We have been desperately looking for a cricket angle here at The Cricketer – other than the fact that her name sounds like she could be a West Indies quick.
Finally we did recall the excruciating time, 10 years ago, that she appeared with Kevin Pietersen and Somerset CCC fanatic John Cleese on the Graham Norton Show on BBC1 nearly a decade ago.
KP and Cleese (comedy messiah that he is) come across as a tad patronising to be fair, but Swift tries to be a good sport.
Norton quizzes the former England star about his book, KP: The Autobiography, which rakes the muck from the grisly Ashes tour of 2013/14 (a 5-0 defeat, a duffing up by Mitchell Johnson). "I think it's common in all walks of life for people to paper over the cracks when things are going well," says KP, "and when things start to go wrong people look for excuses, and people blame each other.
"One thing I am proud about is that Andy Flower (the coach on the tour) knows all the stuff in the book before I wrote it. When we were doing well, I was still complaining about the stuff that I knew wasn't right in the system."
Kevin Pietersen celebrates his first Test century as Ashley Giles applauds (Alessandro Abbonizio/AFP via Getty Images)
Norton asks KP if he has any regrets. "Yeah clearly we all makes mistakes, none of us are perfect, I certainly made them." KP cites his involvement in the 'Textgate' saga, when he is alleged to have said a few naughty things to the South Africans about his England skipper Andrew Strauss, who was about to play his 100th and final Test.

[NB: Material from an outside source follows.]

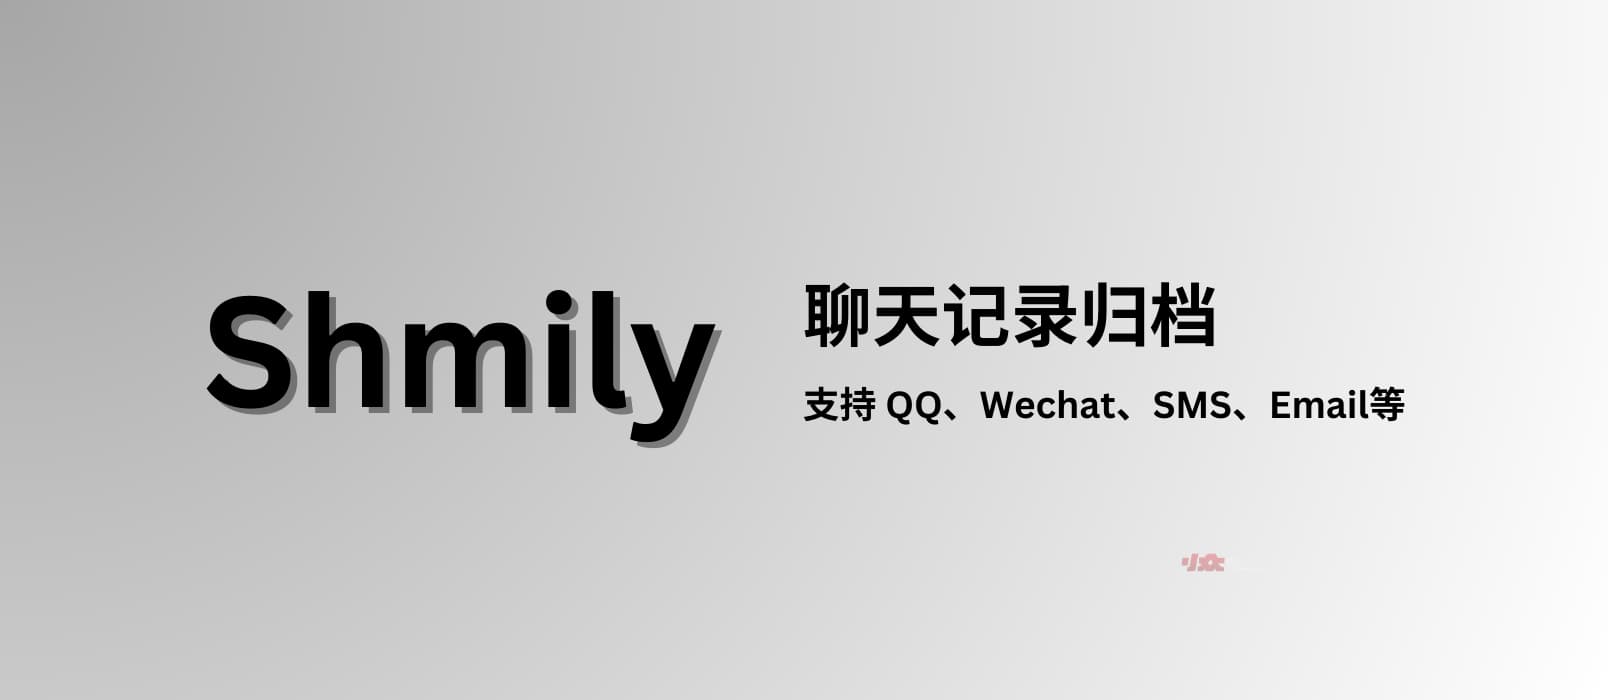 Shmily - 聊天记录归档，支持 QQ、WeChat、SMS、Email 等

He swats aside Swift's request to find out more about the incident, at which point she says to the glee of the audience: "No, I love learning, you do your chest match..."

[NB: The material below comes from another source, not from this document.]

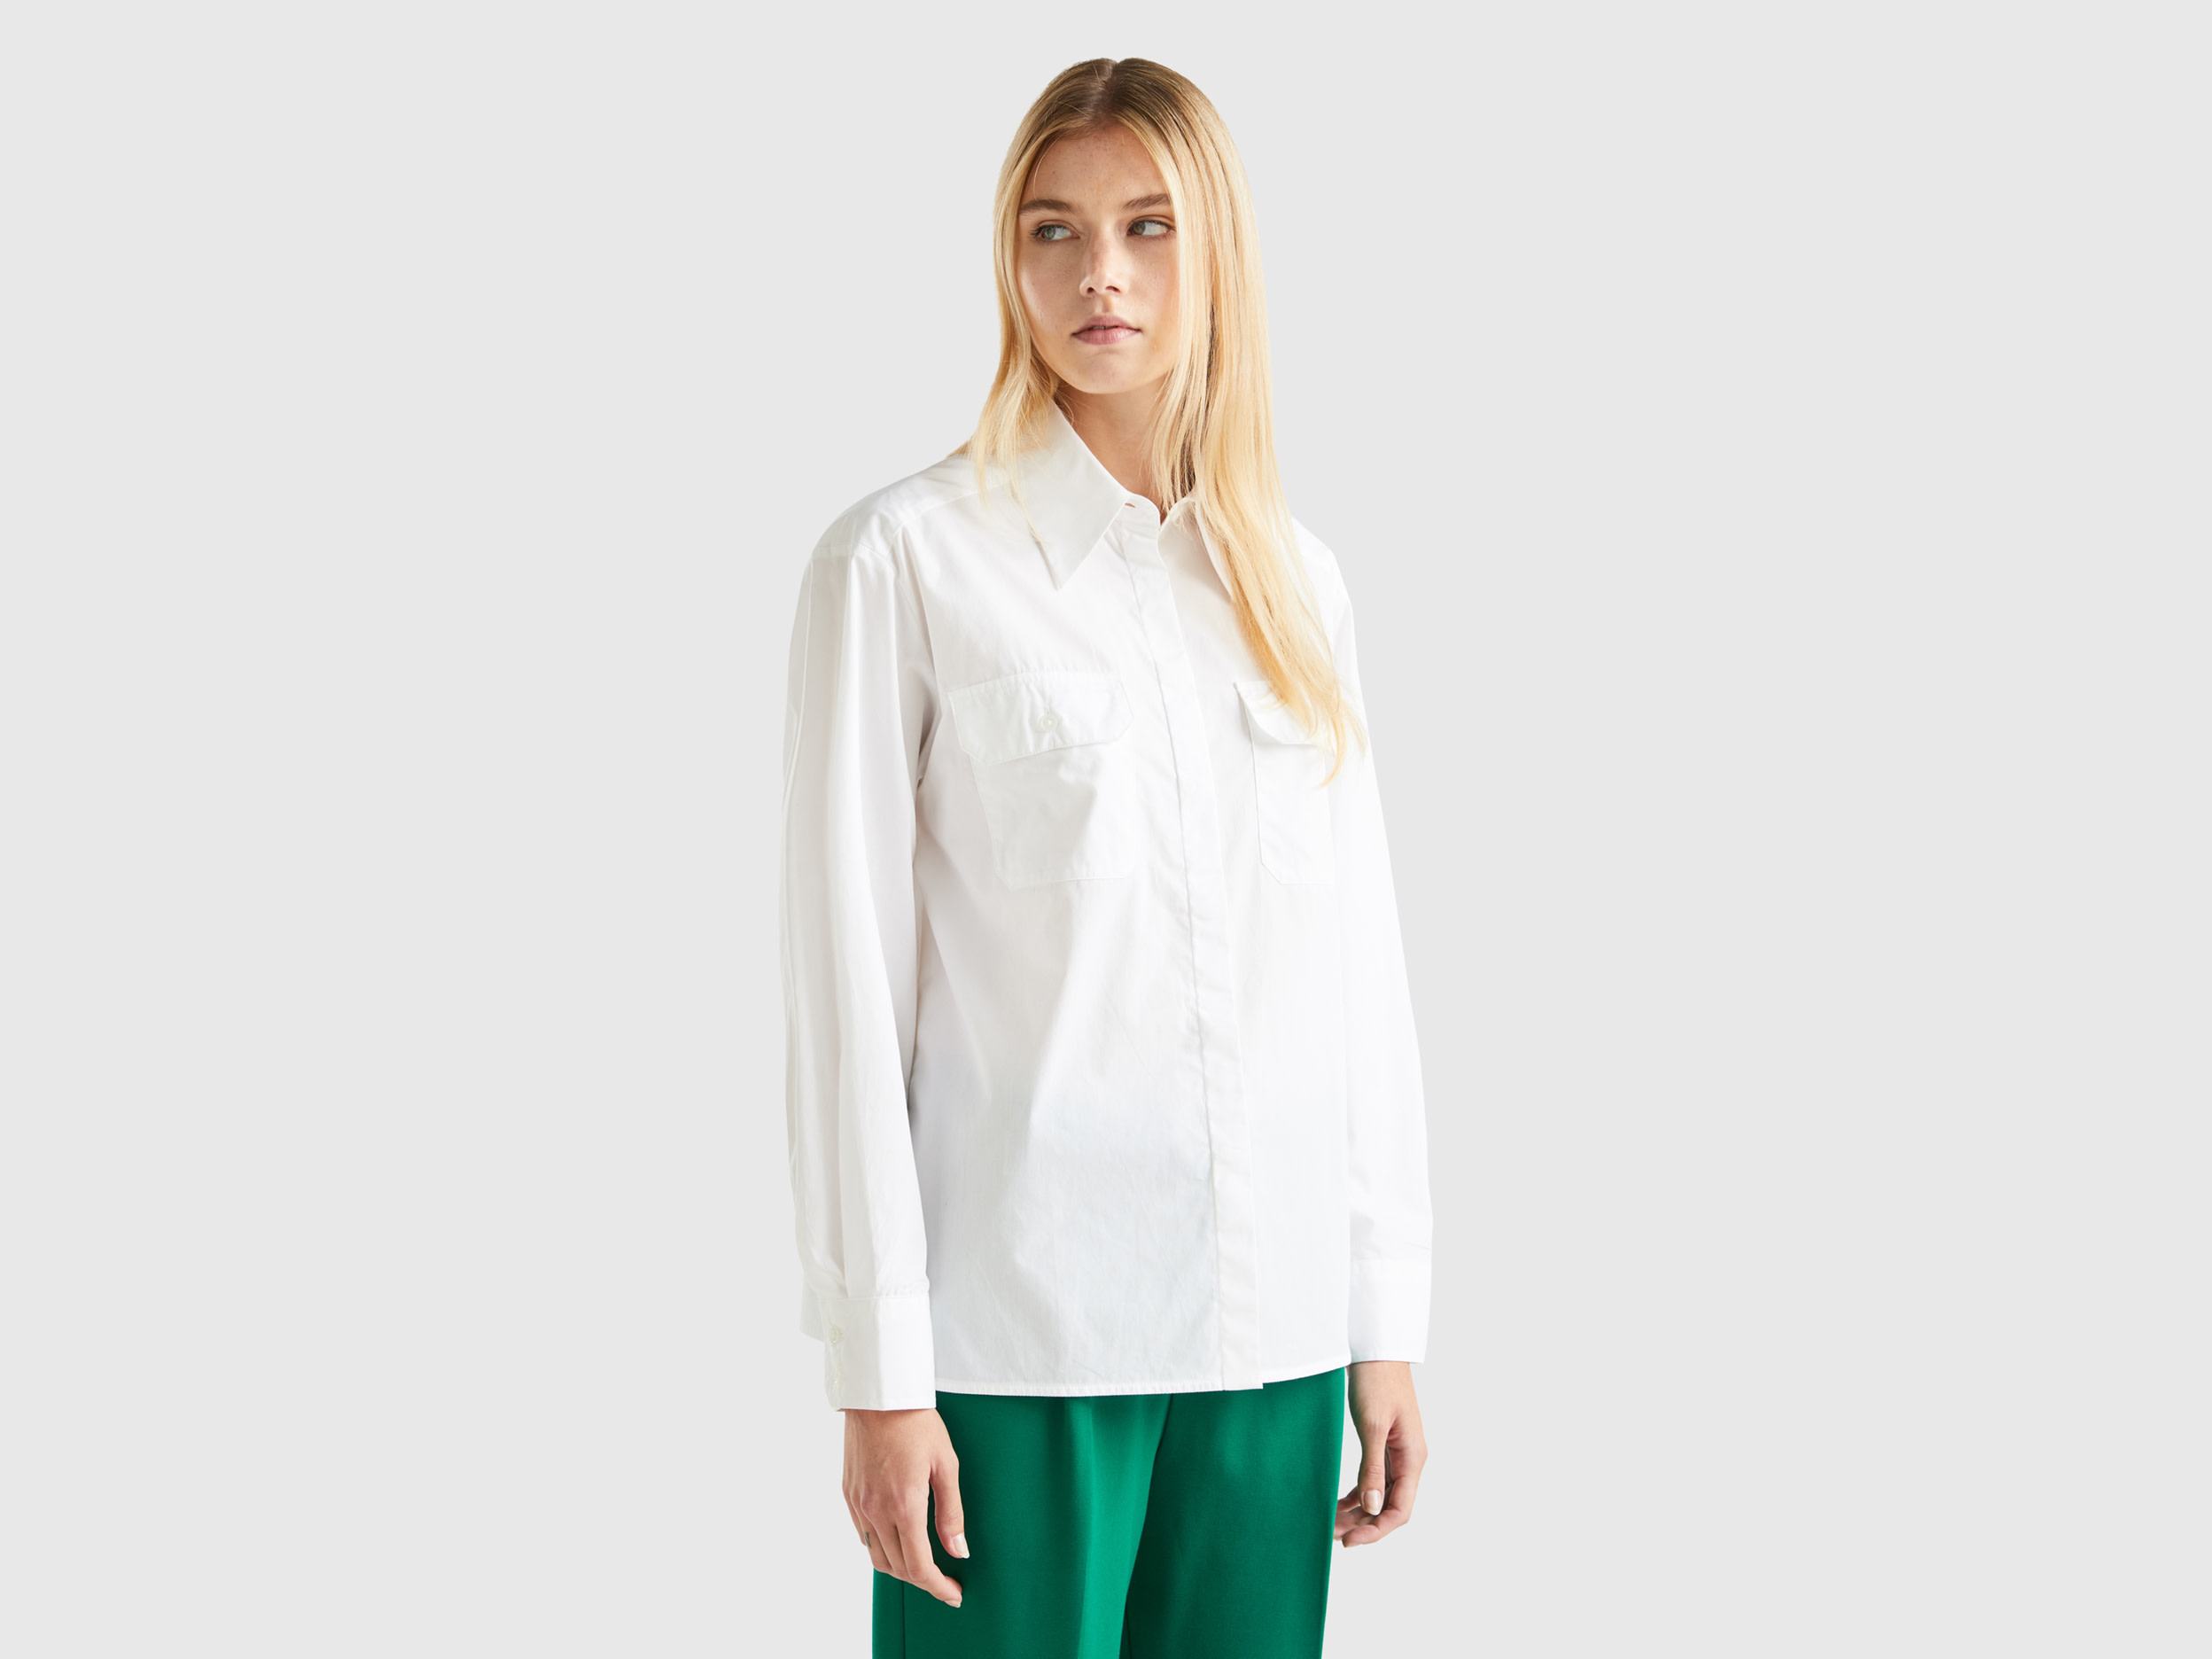 Benetton, Shirt With Pockets And Slits, size M, White, Women

Norton then points out perceptively to KP: "How do I put this nicely, from reading the book, that just maybe team sports aren't for you... maybe you'd be a great tennis player."

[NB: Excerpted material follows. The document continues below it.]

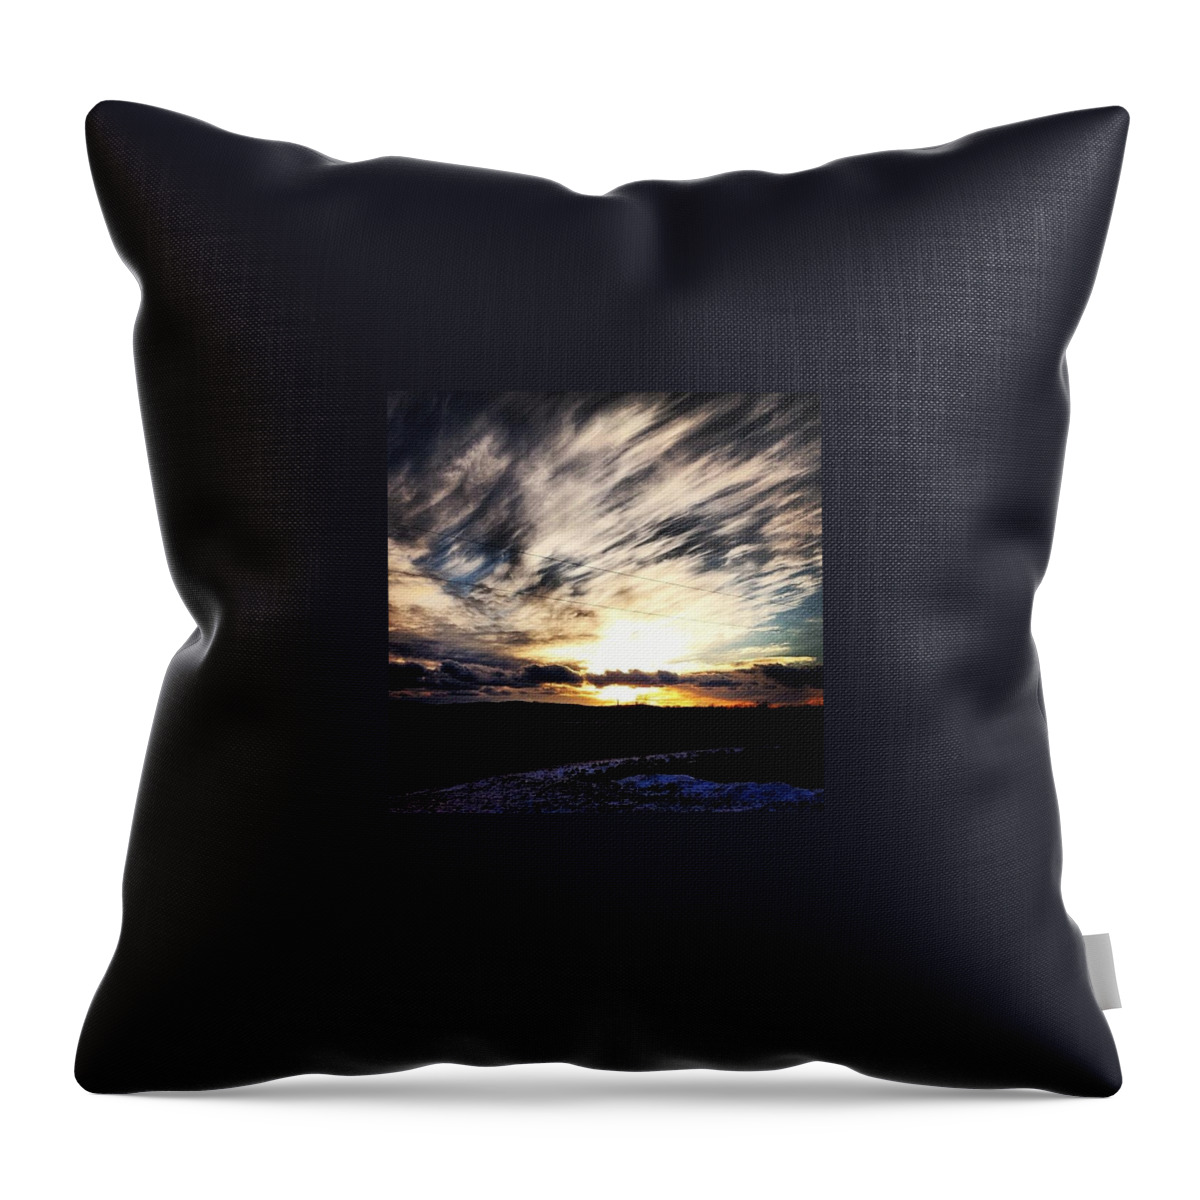 Sunset Throw Pillow featuring the photograph Sunset by Jenna Lindquist

Swift, who had been to Lord's that morning apparently, doesn't look as if she is warming to KP, who then goes on to end any hope of a reconciliation by admitting that he is not a 'cat person'.
The clip is worth rewatching for the earnest way Swift tries to relate to the problems of the England Test team by looking serious and nodding gravely.
Alas when it comes to the fall-out with Flower and co, KP never did shake it off.